## Task statement
Among the entries below, how many lines contain the string "Glass"? Only the number is wanted.

————

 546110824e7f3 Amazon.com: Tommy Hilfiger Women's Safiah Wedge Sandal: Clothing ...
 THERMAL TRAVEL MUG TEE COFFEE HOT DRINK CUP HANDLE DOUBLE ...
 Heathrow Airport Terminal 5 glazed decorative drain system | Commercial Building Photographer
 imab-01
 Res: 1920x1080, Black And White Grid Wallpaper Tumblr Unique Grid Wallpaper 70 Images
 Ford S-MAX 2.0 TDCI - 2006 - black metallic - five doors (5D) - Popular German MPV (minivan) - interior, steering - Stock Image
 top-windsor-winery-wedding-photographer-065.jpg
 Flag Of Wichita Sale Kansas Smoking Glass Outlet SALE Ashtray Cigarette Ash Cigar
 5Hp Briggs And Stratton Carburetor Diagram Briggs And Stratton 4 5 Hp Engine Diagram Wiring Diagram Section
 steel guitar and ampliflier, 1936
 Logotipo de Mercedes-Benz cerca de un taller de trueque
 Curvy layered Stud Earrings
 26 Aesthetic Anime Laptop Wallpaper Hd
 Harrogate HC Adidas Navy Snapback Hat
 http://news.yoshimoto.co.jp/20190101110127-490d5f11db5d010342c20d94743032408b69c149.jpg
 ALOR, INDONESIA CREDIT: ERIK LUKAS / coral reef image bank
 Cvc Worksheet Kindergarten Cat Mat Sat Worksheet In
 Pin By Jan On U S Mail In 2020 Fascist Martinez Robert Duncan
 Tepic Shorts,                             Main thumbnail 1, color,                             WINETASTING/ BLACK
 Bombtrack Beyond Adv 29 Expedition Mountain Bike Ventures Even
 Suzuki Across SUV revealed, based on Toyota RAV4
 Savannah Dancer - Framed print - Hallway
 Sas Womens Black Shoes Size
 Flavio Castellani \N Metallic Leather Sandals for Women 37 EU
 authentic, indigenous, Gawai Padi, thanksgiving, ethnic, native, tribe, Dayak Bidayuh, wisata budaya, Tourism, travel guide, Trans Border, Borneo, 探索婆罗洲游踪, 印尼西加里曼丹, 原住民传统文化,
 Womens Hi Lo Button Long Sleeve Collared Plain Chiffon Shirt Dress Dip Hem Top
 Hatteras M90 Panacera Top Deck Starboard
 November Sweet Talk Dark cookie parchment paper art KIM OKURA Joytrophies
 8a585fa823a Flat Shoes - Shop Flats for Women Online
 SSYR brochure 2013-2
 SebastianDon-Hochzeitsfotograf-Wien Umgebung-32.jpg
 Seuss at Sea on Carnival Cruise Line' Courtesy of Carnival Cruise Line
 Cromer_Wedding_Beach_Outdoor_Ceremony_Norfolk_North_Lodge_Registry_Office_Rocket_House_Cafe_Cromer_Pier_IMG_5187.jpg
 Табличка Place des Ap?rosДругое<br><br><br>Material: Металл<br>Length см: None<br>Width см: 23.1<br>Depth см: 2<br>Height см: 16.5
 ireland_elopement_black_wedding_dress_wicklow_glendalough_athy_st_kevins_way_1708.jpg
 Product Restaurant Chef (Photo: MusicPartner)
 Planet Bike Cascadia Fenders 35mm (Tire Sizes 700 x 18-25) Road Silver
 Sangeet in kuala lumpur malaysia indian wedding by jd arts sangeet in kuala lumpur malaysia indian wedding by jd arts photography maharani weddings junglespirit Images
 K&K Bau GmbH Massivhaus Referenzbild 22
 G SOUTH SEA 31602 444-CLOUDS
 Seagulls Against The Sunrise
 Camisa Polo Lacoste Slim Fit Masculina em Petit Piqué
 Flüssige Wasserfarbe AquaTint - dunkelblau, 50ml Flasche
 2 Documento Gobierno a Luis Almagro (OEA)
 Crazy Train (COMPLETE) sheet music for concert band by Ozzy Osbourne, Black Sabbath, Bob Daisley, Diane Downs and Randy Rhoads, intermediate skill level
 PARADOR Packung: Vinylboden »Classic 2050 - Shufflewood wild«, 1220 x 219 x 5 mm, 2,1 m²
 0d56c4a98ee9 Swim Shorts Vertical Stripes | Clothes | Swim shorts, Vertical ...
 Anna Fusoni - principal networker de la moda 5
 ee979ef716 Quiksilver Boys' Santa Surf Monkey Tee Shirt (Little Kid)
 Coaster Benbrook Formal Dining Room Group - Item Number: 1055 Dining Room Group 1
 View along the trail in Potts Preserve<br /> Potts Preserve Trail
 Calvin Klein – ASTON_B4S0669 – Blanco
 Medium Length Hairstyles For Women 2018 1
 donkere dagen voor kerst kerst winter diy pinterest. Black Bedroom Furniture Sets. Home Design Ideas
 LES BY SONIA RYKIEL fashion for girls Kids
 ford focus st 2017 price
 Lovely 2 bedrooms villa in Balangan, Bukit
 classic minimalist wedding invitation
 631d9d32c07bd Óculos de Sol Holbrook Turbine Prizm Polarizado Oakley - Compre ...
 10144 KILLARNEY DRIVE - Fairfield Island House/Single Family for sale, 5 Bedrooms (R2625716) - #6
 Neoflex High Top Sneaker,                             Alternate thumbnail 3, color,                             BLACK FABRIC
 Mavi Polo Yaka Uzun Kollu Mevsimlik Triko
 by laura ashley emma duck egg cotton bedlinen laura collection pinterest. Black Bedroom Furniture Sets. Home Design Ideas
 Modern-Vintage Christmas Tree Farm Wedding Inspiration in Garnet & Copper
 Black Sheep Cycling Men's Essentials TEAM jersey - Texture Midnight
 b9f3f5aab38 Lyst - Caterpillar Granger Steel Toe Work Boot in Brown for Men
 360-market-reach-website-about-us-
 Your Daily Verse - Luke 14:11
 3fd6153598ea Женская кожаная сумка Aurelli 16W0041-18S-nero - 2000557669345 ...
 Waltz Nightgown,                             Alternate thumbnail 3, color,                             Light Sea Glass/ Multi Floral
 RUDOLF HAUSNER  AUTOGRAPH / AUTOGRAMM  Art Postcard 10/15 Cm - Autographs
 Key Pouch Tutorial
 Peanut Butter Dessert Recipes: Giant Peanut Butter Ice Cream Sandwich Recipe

————

## Response area
2